What the task requires:
Return the data below unchanged. Drop any pictures.

Recorded data:
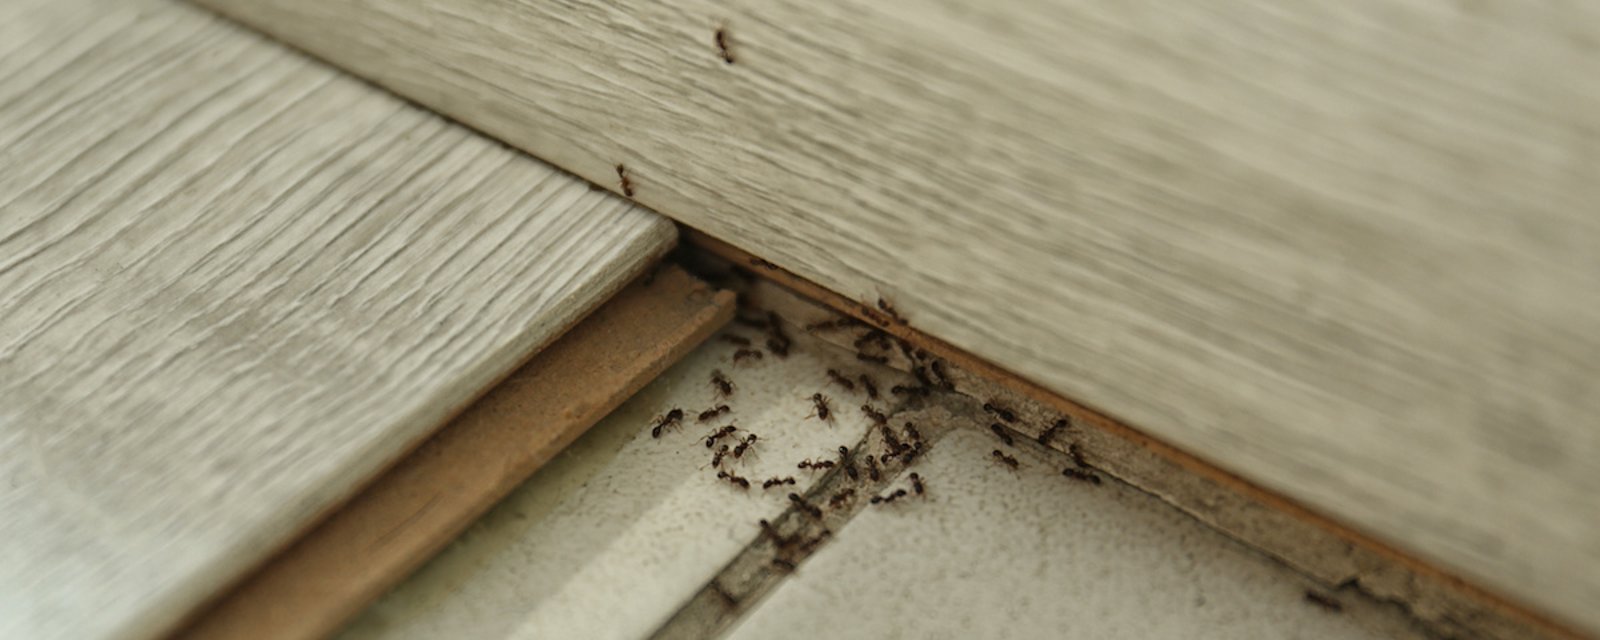 5 astuces pour éloigner naturellement les fourmis de votre maison 
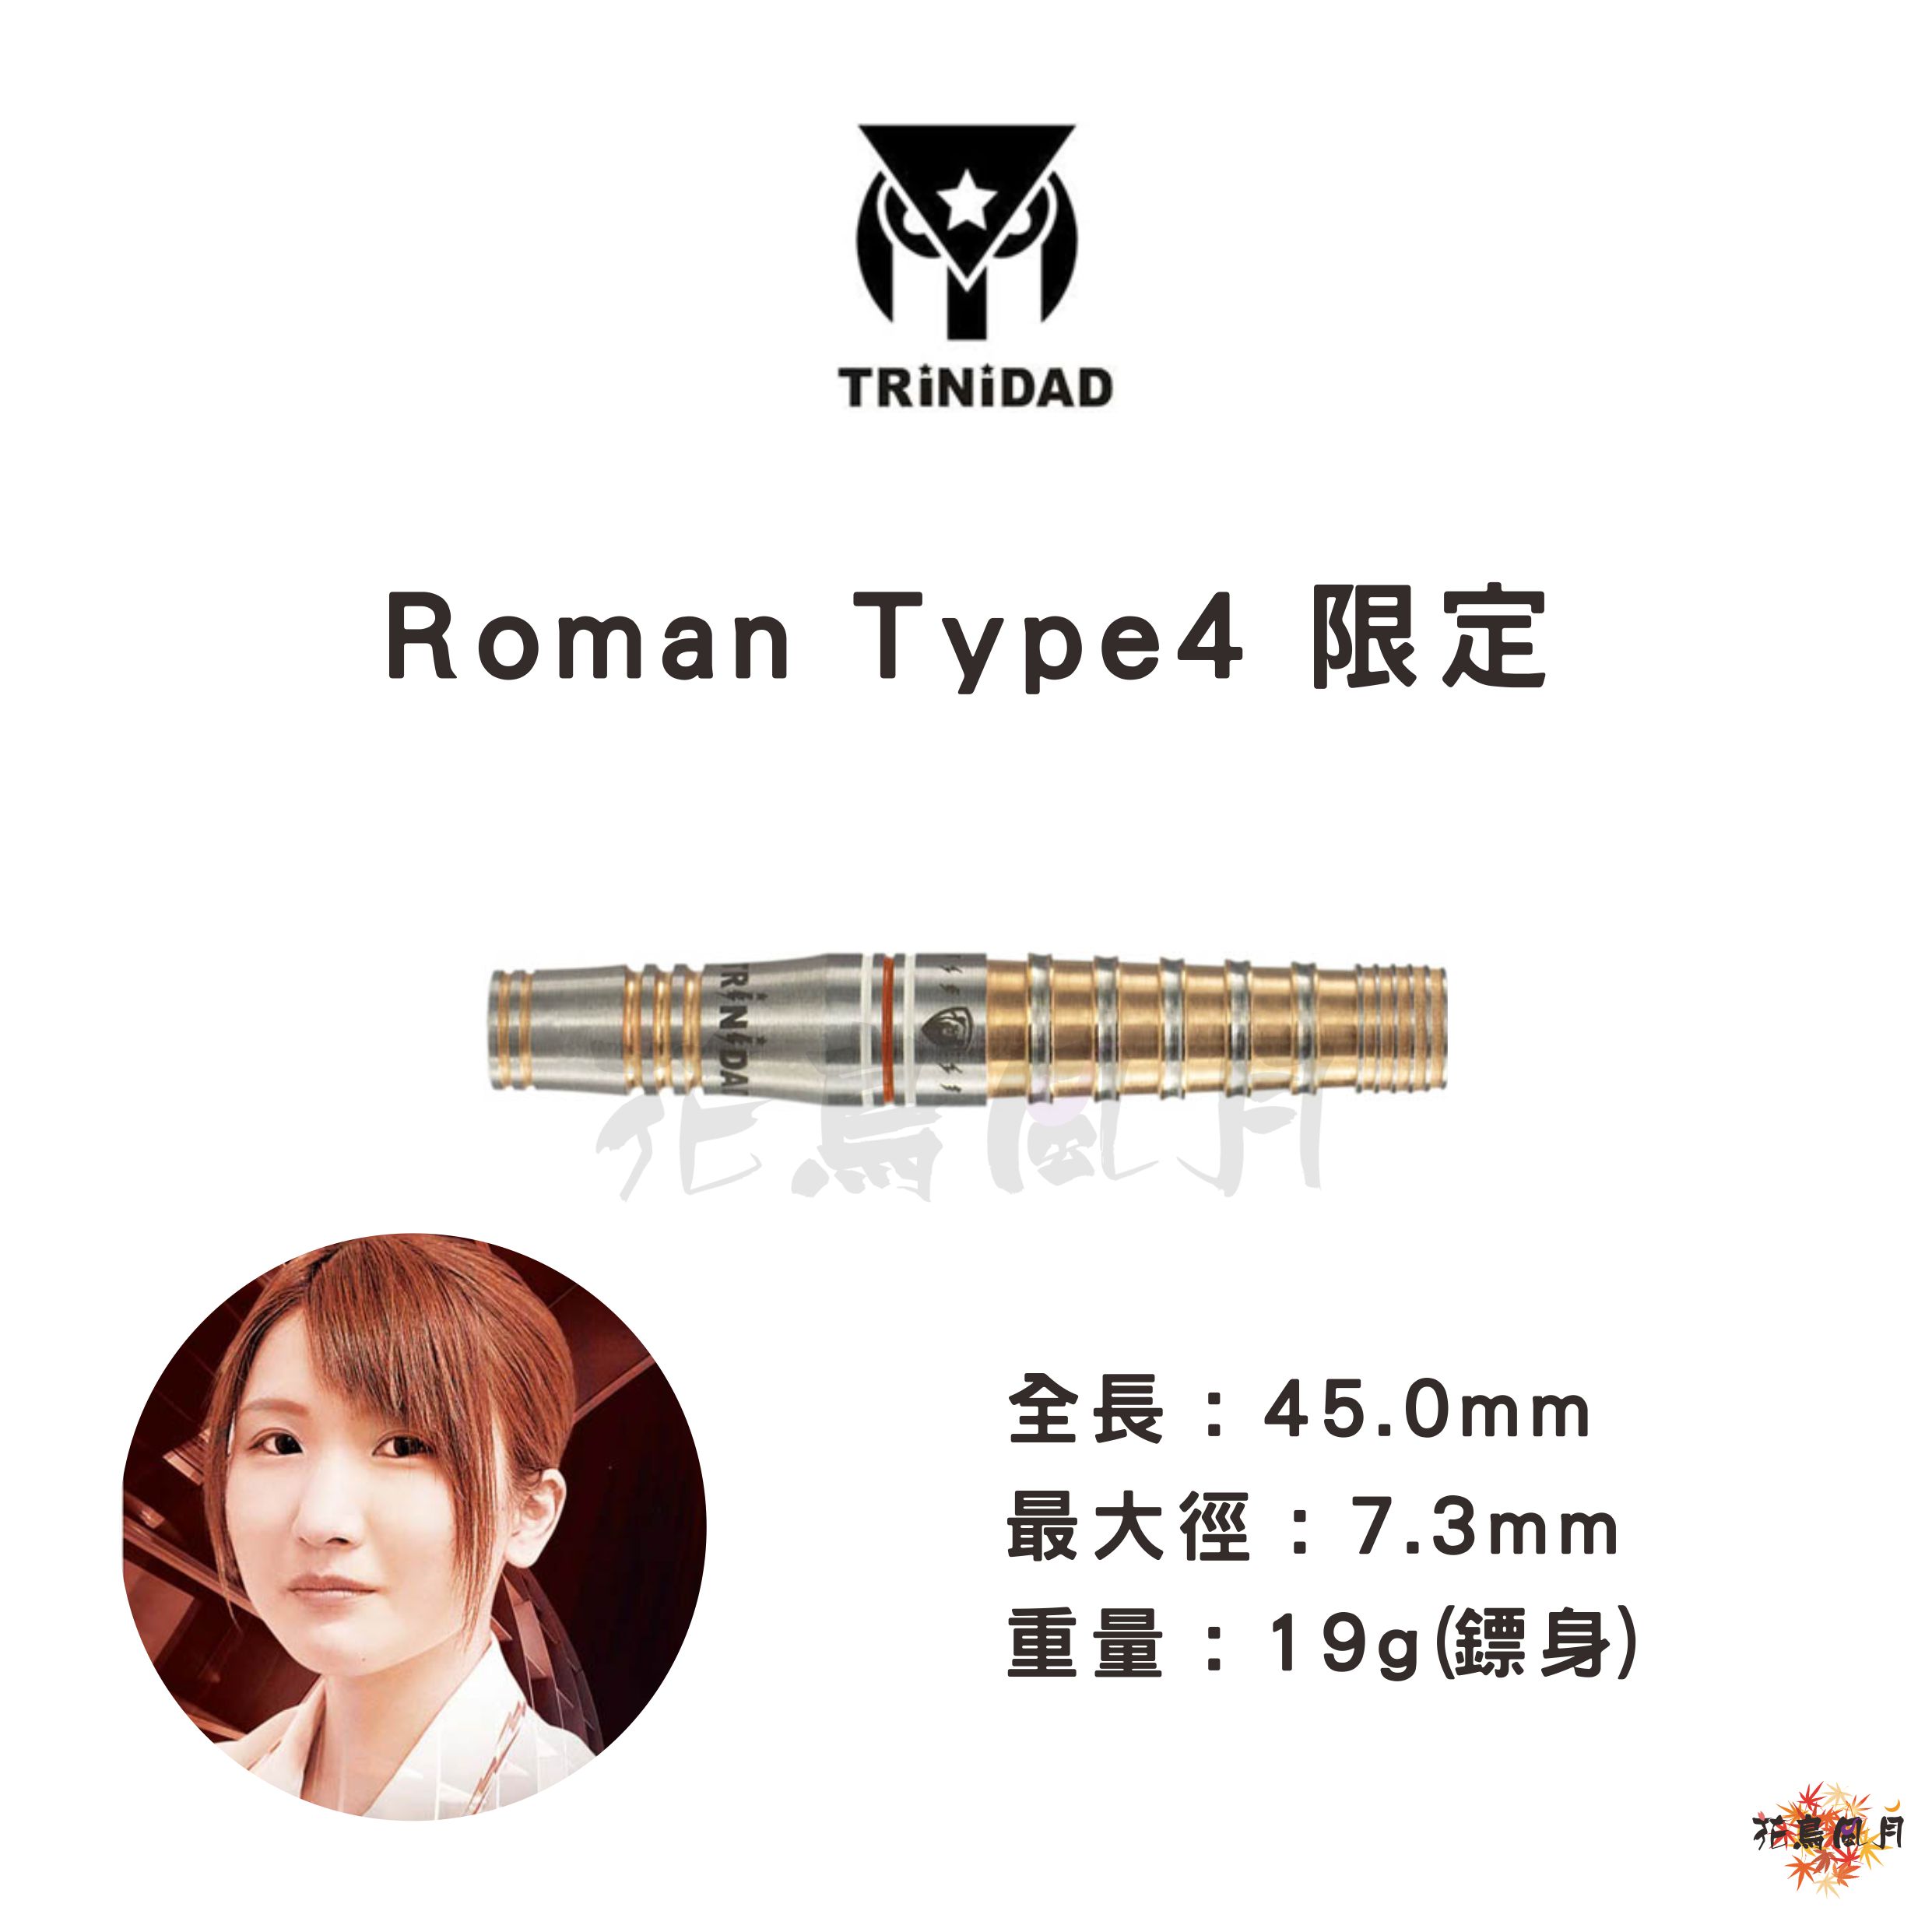 Roman-Type4限定-1.jpg
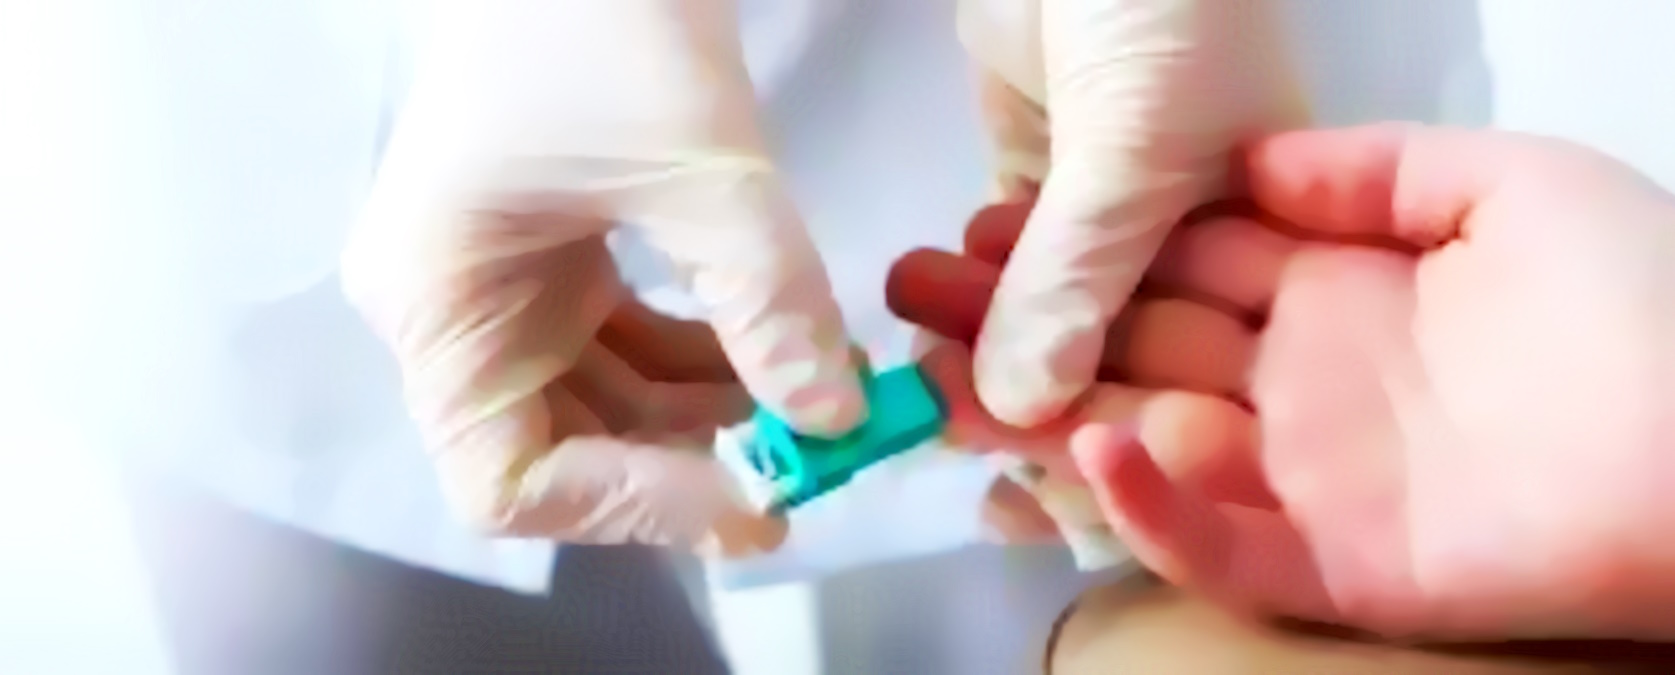 Approvato dal Senato il ddl n. 727 per l'individuazione di diabete e celiachia nella popolazione pediatrica
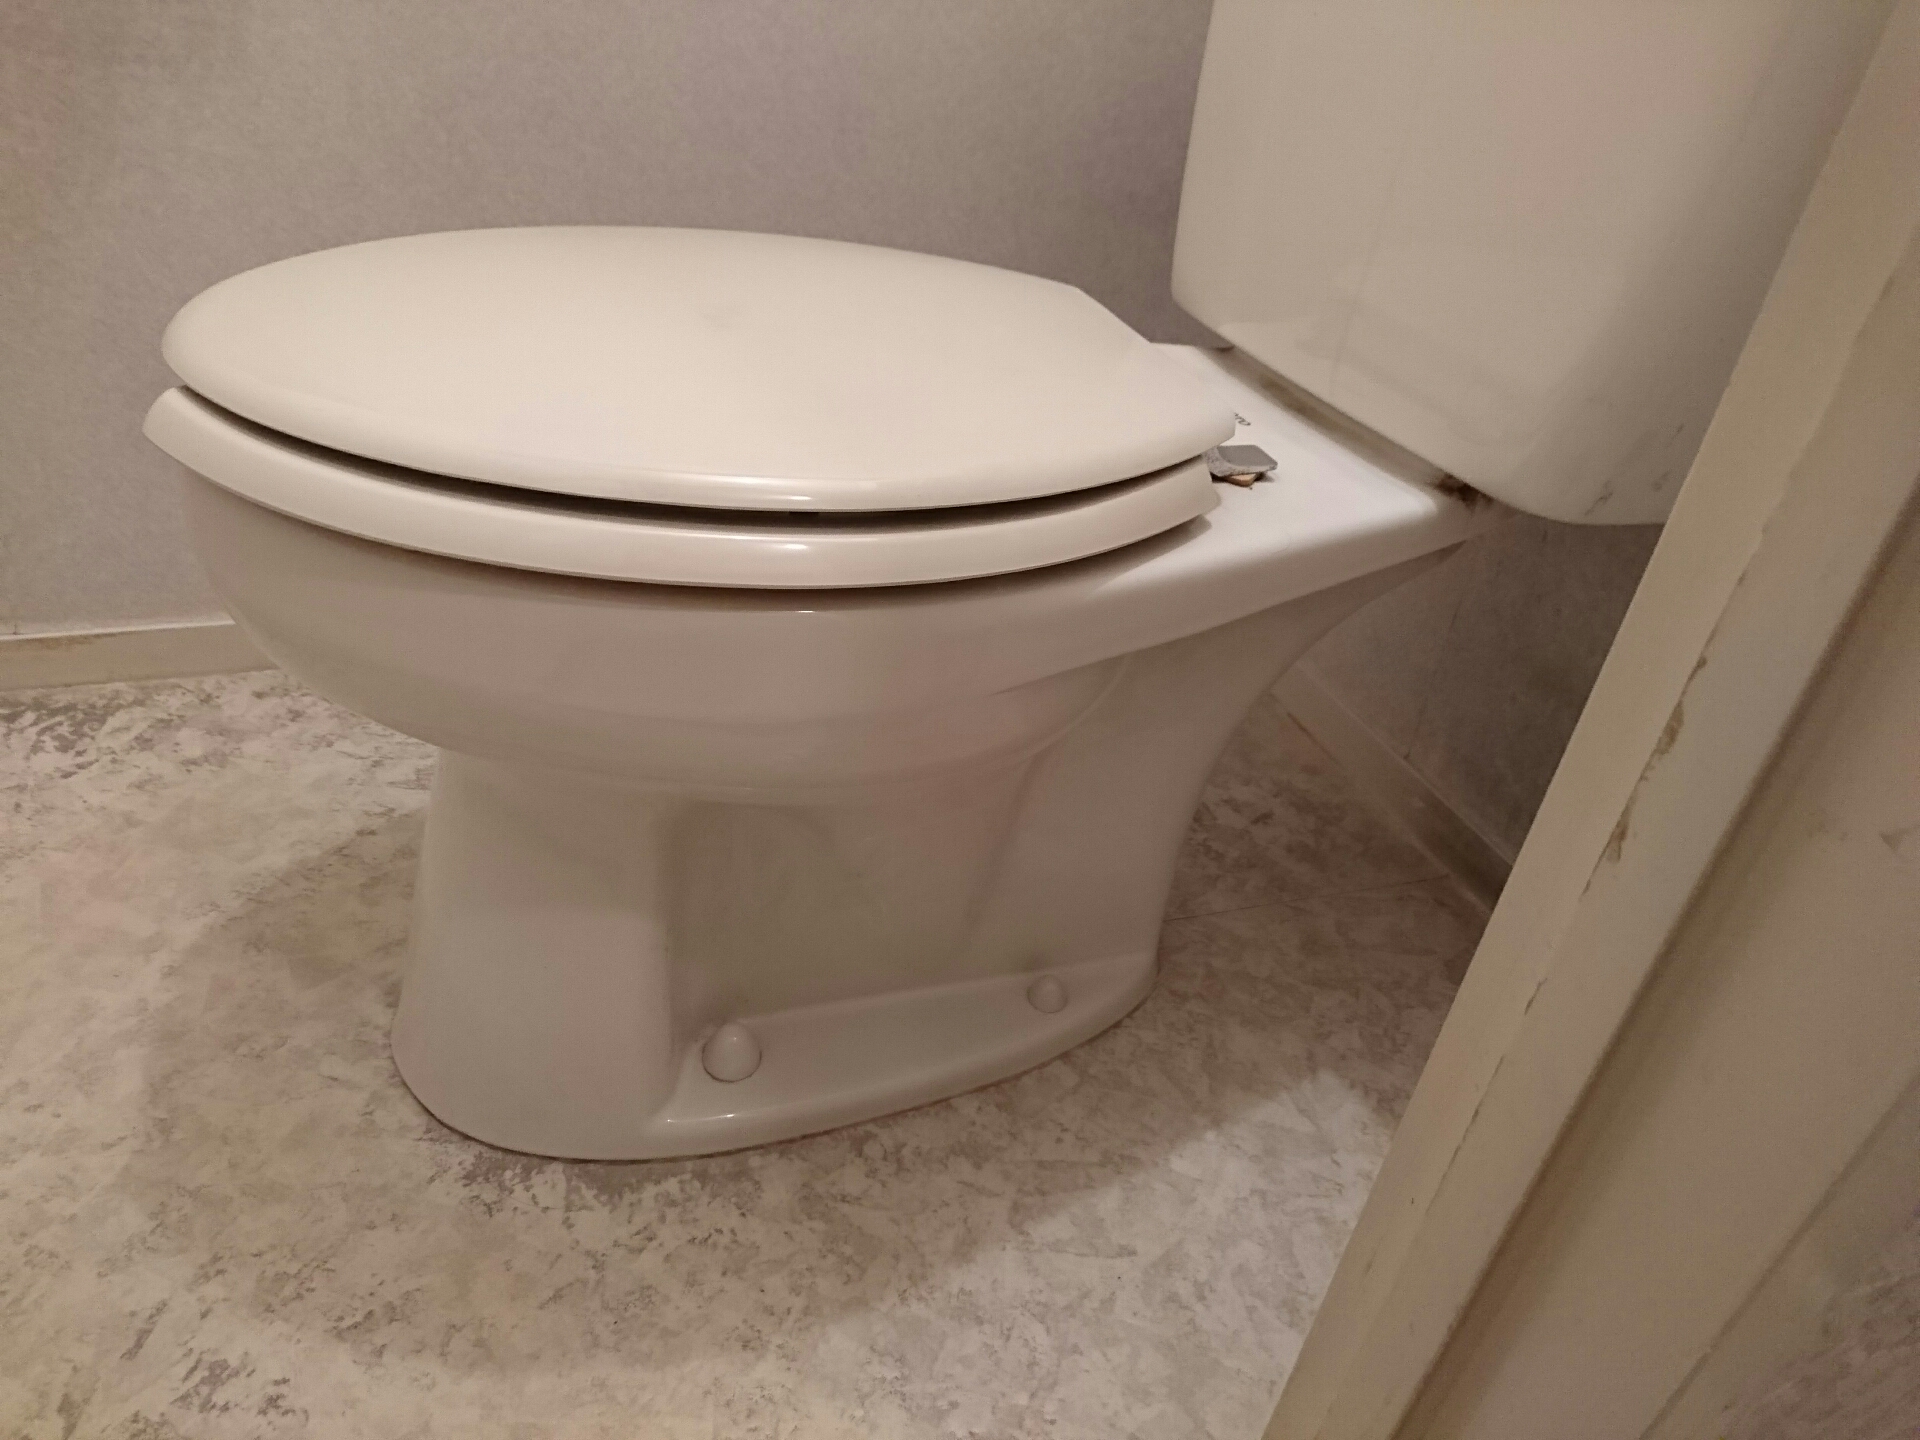 タンク式トイレの違い Toto ピュアレストqr シーン ホーム ファクトリー リフォーム日記 0

Output of the exercise:
 5 astuces pour éloigner naturellement les fourmis de votre maison 
 Roman-Type4限定-1.jpg
 Approvato dal Senato il ddl n. 727 per l'individuazione di diabete e celiachia nella popolazione pediatrica
 タンク式トイレの違い Toto ピュアレストqr シーン ホーム ファクトリー リフォーム日記 0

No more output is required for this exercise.